Open heckad opened 3 years ago

heckad commented 3 years ago

[REQUIRED] Describe your environment

Problem: If a user was logged and try to open spa app on page wich required auth access the app should waiting until auth will be confirmed and only then call callback onAuthStateChanged with the user object. This check can be quite long (more than 5 seconds with slow 3g).

Propose: Call callback when we find user information in storage with this user object without waiting for the end of the auth check. If auth check return that user was logout than call callback with user null.

Thanks!

hsubox76 commented 3 years ago

I'm not sure I understand what the request is. Is the problem the same as the one you are asking about in the comment here: https://github.com/firebase/firebase-js-sdk/issues/462#issuecomment-735518608? If so, does the answer there solve your problem?
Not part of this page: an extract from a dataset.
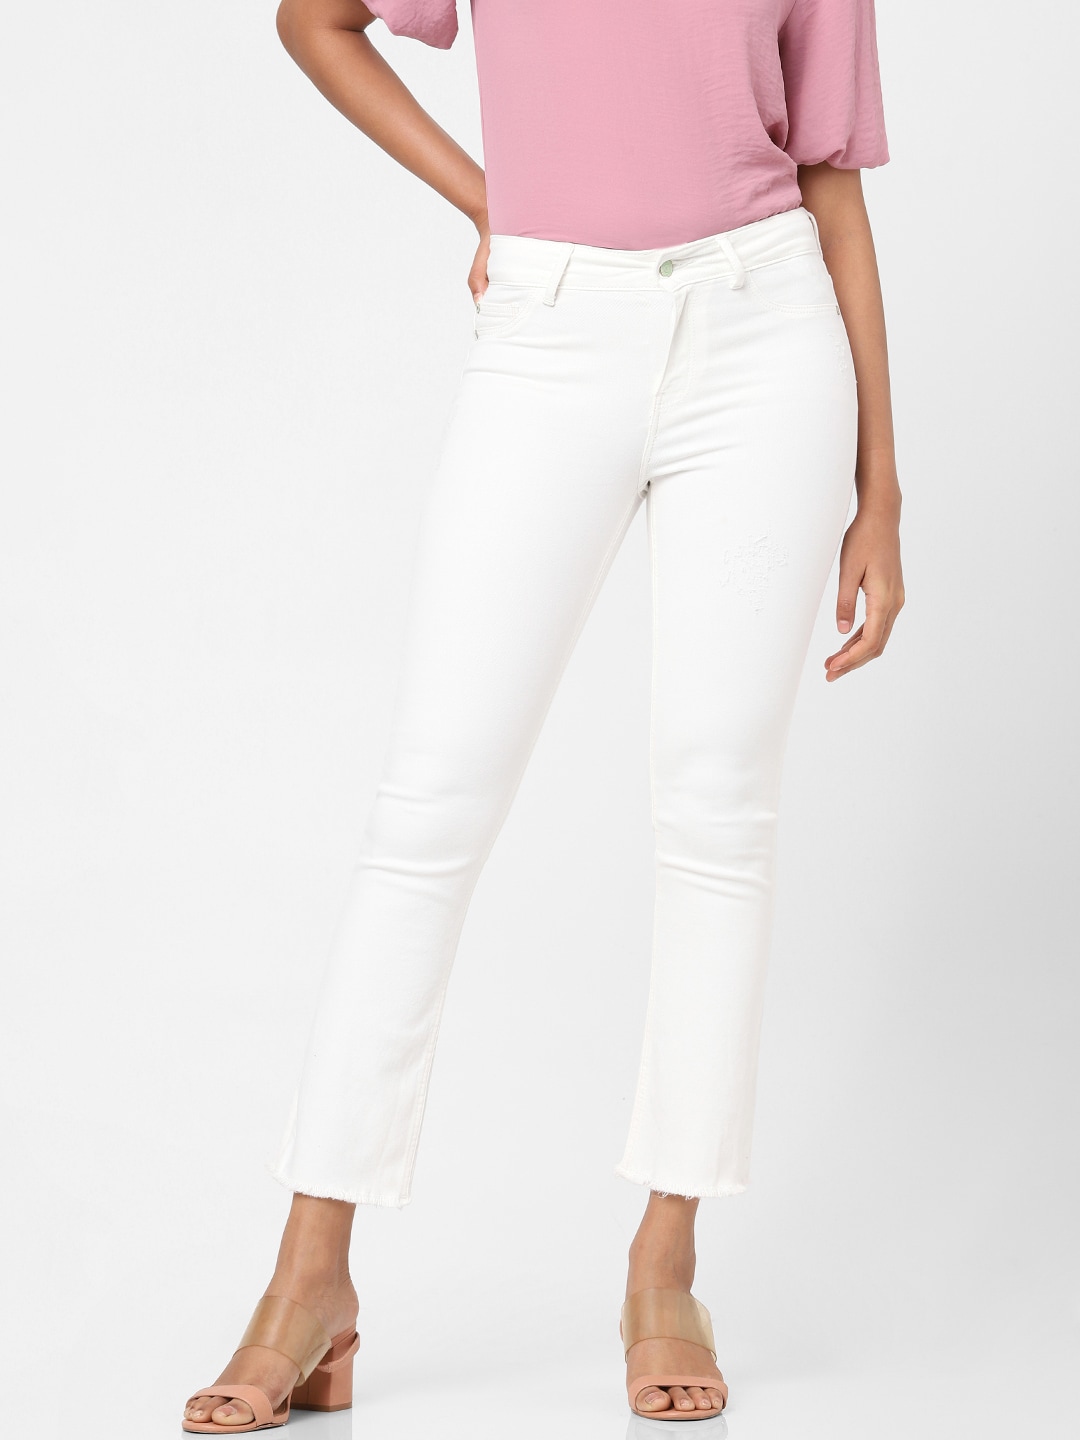 Vero Moda Women White Flared Mid-Rise Stretchable Jeans Price in India

Or is this a separate issue?

heckad commented 3 years ago

Yes, this is the same problem. I tried your solution, and they didn't help because if a user wants to get access to the private route, then the router will wait until verification competes and the user will see a white screen all time. If I remove check verification from the route, then route redirects the user to a login page. Because I need the auth call callback less than 100ms even they can't get information from google.

gustavopch commented 2 years ago

@hsubox76 I think I have a similar use case, although it's a multi-page application instead.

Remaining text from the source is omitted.